Was the Holocaust a case of bullying?
Some bullying experts are catastrophizing bullying and trivializing genocide
I have never played the “I’m offended” card. But I must say that I find it extremely offensive when the Holocaust is called “bullying.” But the reason we should stop calling the Holocaust “bullying” is not because it offends me personally, but because the comparison is misleading and counterproductive.
Two weeks ago the world commemorated the international Holocaust Remembrance Day. Renowned bullying experts, perhaps best exemplified by Barbara Coloroso, anti-bullying organizations and civil rights groups have been referring to the Holocaust as bullying.
Coloroso has been popularizing the slogan, “It's a short walk from bullying to genocide.” One Holocaust survivor teaches, “Nazis were the biggest bullies in history.” By associating “bullies” with Hitler and the Nazis, these speakers motivate people to join the crusade against bullies, believing they are preventing today’s children from becoming tomorrow’s genocidal murderers.
But the comparison does a disservice to both bullying and genocide, catastrophizing the former and trivializing the latter.
Trivializing the Holocaust
No one needs to lecture me on the horrors of the Holocaust. My parents were both Holocaust survivors, as were most of the adults I knew growing up. My father, one of eight siblings, was the only survivor from his immediate family. He suffered from PTSD and often woke the rest of us in the middle of the night with his blood-curdling screams. My mother’s family fared better, with only her father perishing, but she never stopped relating tear-jerking stories of her survival ordeals during the WWII years. She suffered an abdominal impalement that plagued her for the rest of her life. I have read a multitude of books and watched countless documentaries and shows on the Holocaust.
Calling the Holocaust an example of bullying trivializes my parents’ experiences, associating them with routine aggression among kids like insults, social exclusion, wedgies and extortion of lunch money.
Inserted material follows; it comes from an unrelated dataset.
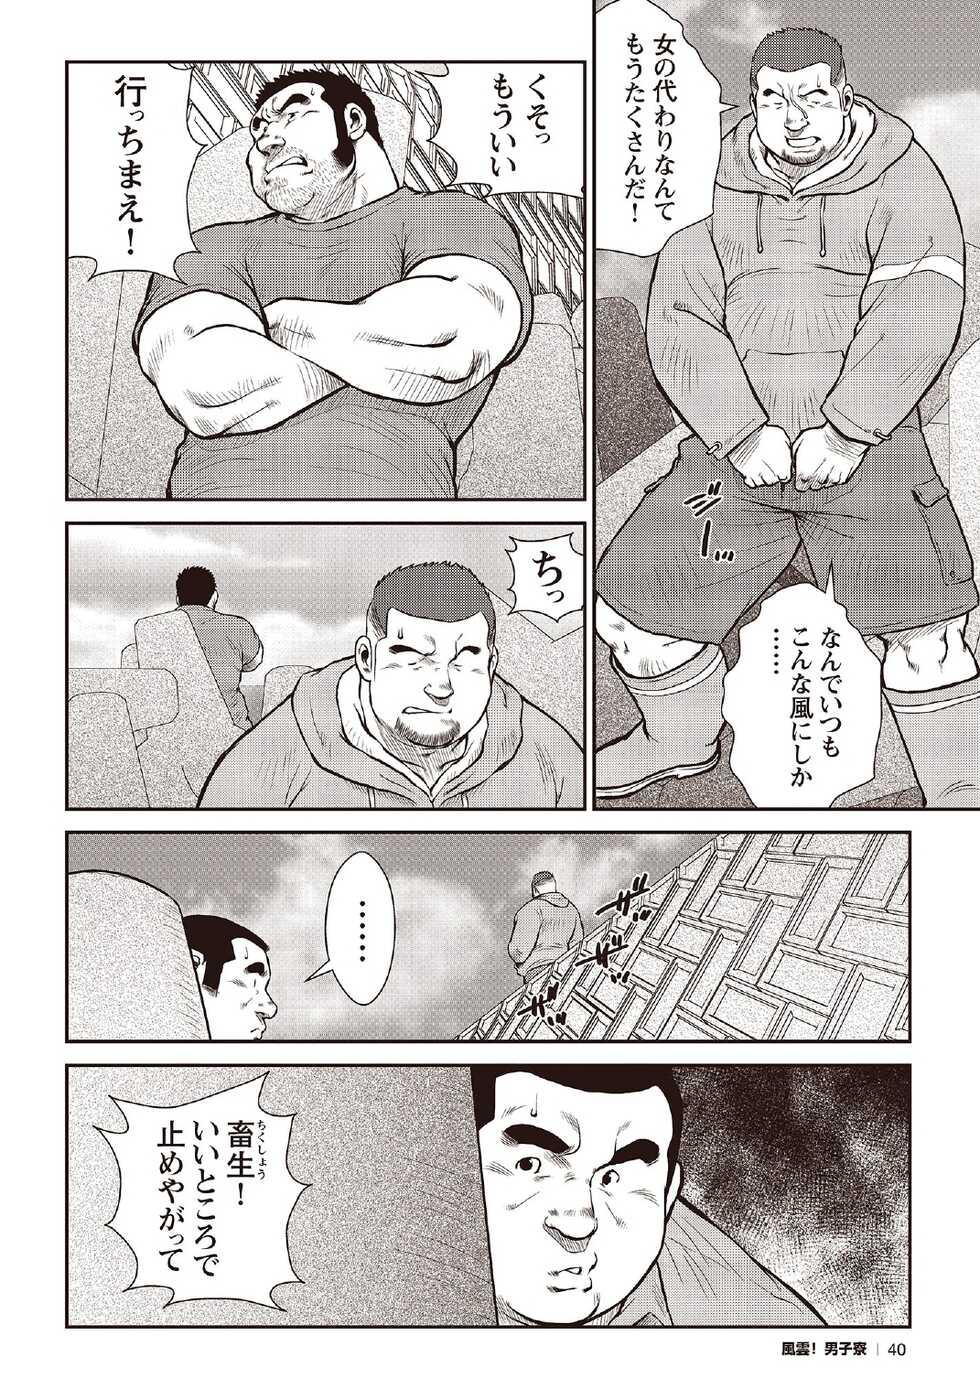 [Ebisubashi Seizou] Ebisubashi Seizou Tanpen Manga Shuu 2 Fuuun! Danshi Ryou [Bunsatsuban] PART 2 Bousou Hantou Taifuu Zensen Ch. 1 + Ch. 2 [Digital] - Page 18

As upsetting as such experiences may be, I can teach kids how to stop being victimized without assistance and without being emotionally scarred. But I haven’t figured out how to teach people to cope with soldiers herding their families into a gas chamber or machine-gunning them into a mass grave.
Catastrophizing bullying
The other effect of the comparison is to make children believe that being bullied is the absolutely most horrific experience imaginable.
To stop being picked on, children need to learn to handle bullying calmly, for if they get upset, their bullies feel powerful and continue picking on them. And if we don’t want bullied kids to be traumatized for life, we need to help them put their experience into perspective.
They need to realize that the bullying was awful, but it wasn’t life-threatening and many people go through it without long-term negative effects. In fact, you can find countless adults who credit the bullying they experienced in childhood with their long-term personality development and success.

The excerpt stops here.